The make_set_if() function works similarly to make_list_if(), but once again, it will only store distinct values. Let’s rerun our previous make_list_if() query but store it as a set instead. The output should be similar to Figure 2-32:
SigninLogs | where TimeGenerated > ago (14d) | summarize RiskLevels= make_set_if(RiskEventTypes_V2, RiskState == "atRisk") by AppDisplayName
FIGURE 2.32 Distinct risk event sign-ins per application
If you compare this to the previous list, you will see that each RiskEventType_v2 is only stored once. The RiskEventTypes_V2 produces results with multiple event types, so it might look like some of these events are repeating. They are not.
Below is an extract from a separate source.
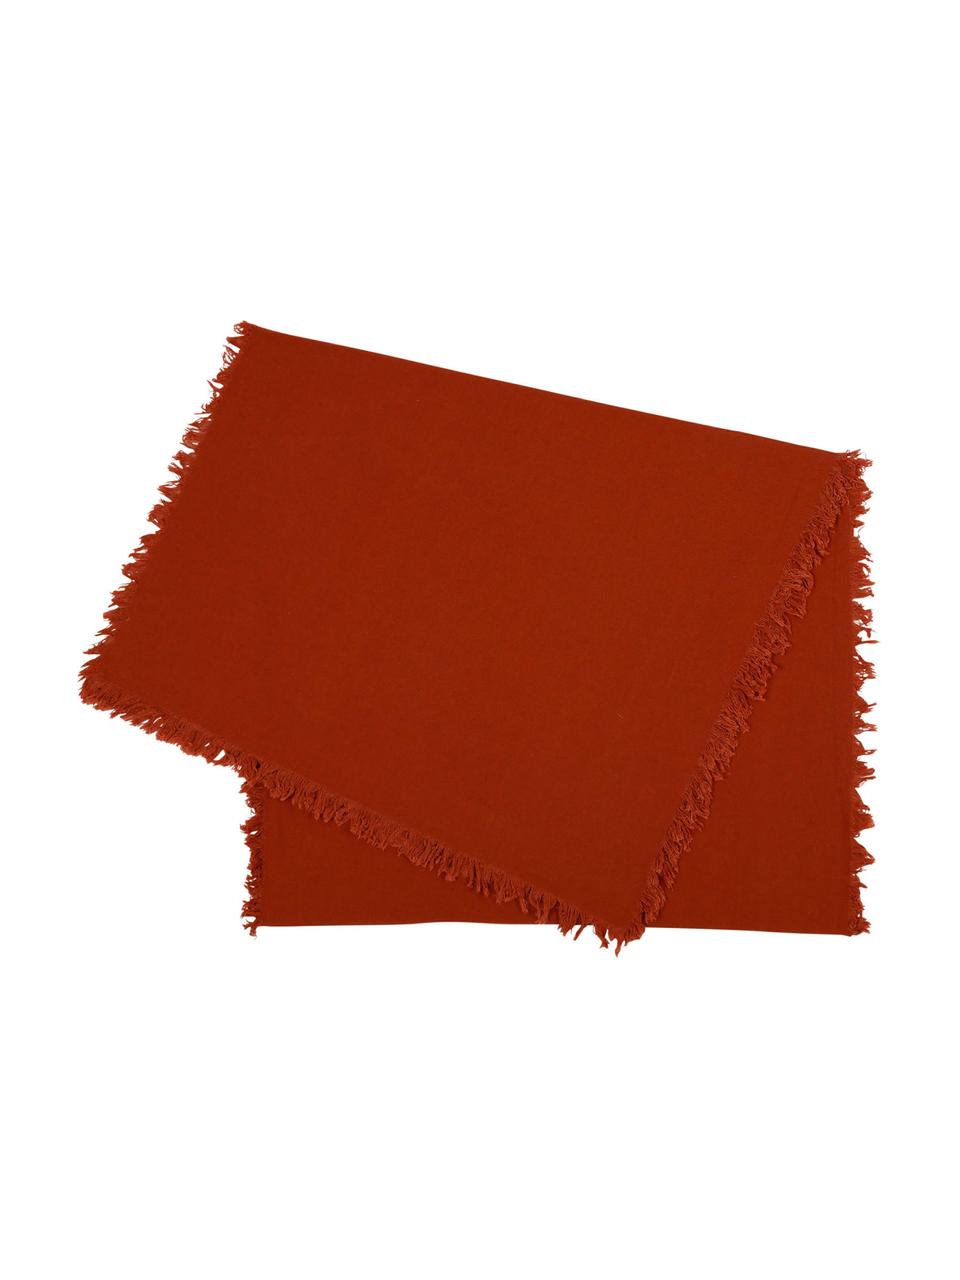 Katoenen tafelloper Nalia in rood met franjes, Katoen, Rood, B 50 x L 160 cm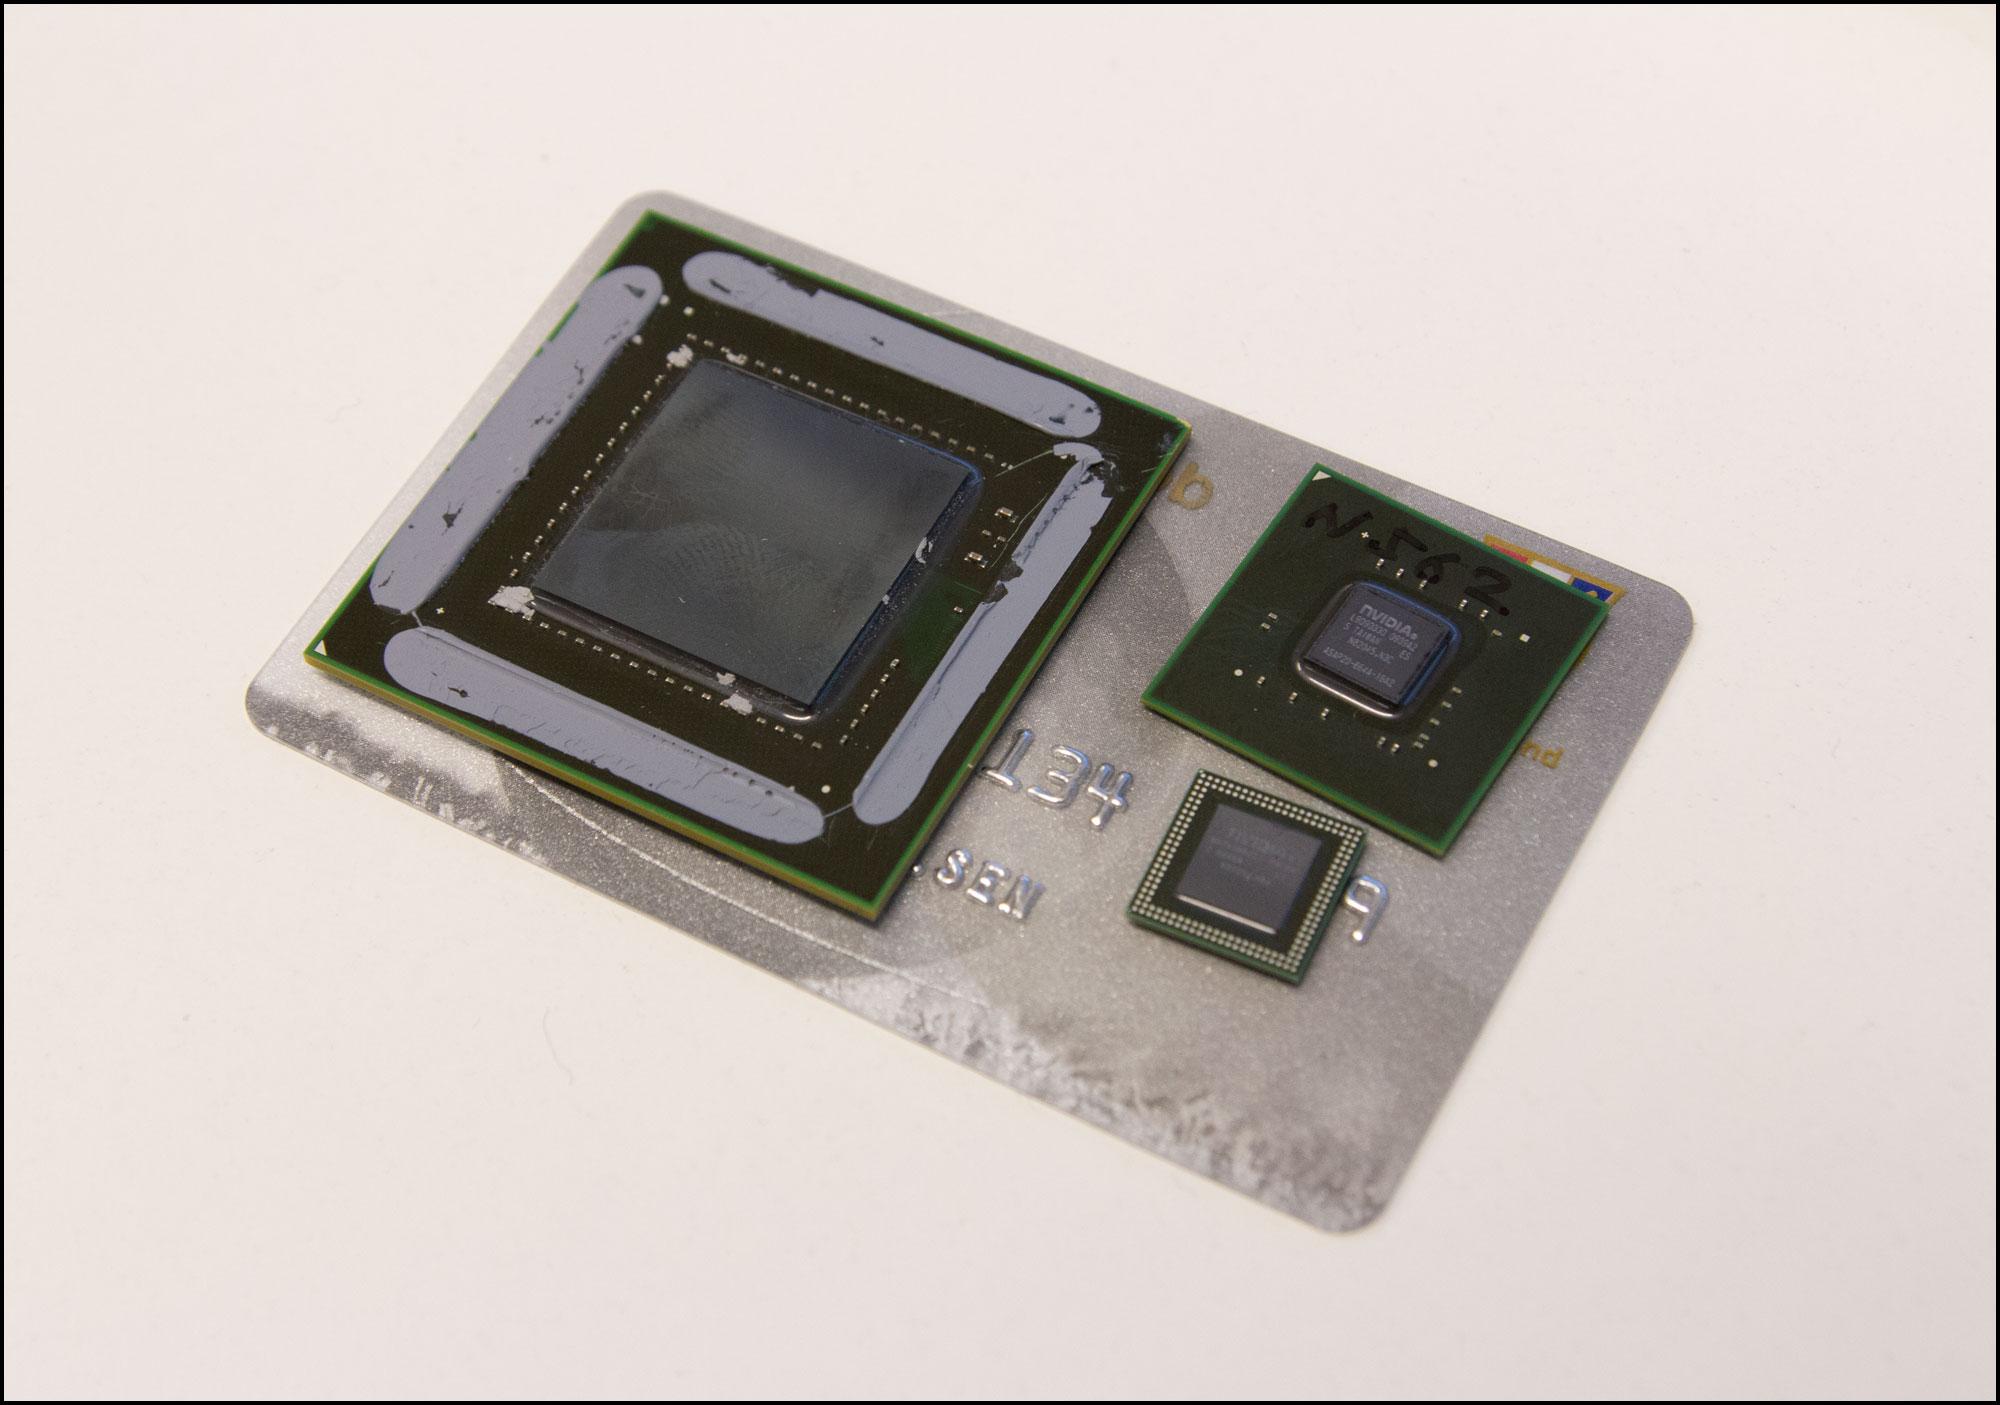 Grafikkprosessorer er små saker. Kjernen til GeForce GTX 480 til venstre, Tegra 3 i to varianter til høyre.

If you look at the Microsoft Office 365 Portal risk levels, three distinct results exist between the brackets []:
First is a sign-in that has been flagged for unlikely travel.
A second risk event type shows when a sign-in has been flagged for unfamiliar features.
A third set of event types shows that a sign-in has been flagged for both unfamiliar features and unlikely travel.
We’ll use these distinct results in future chapters.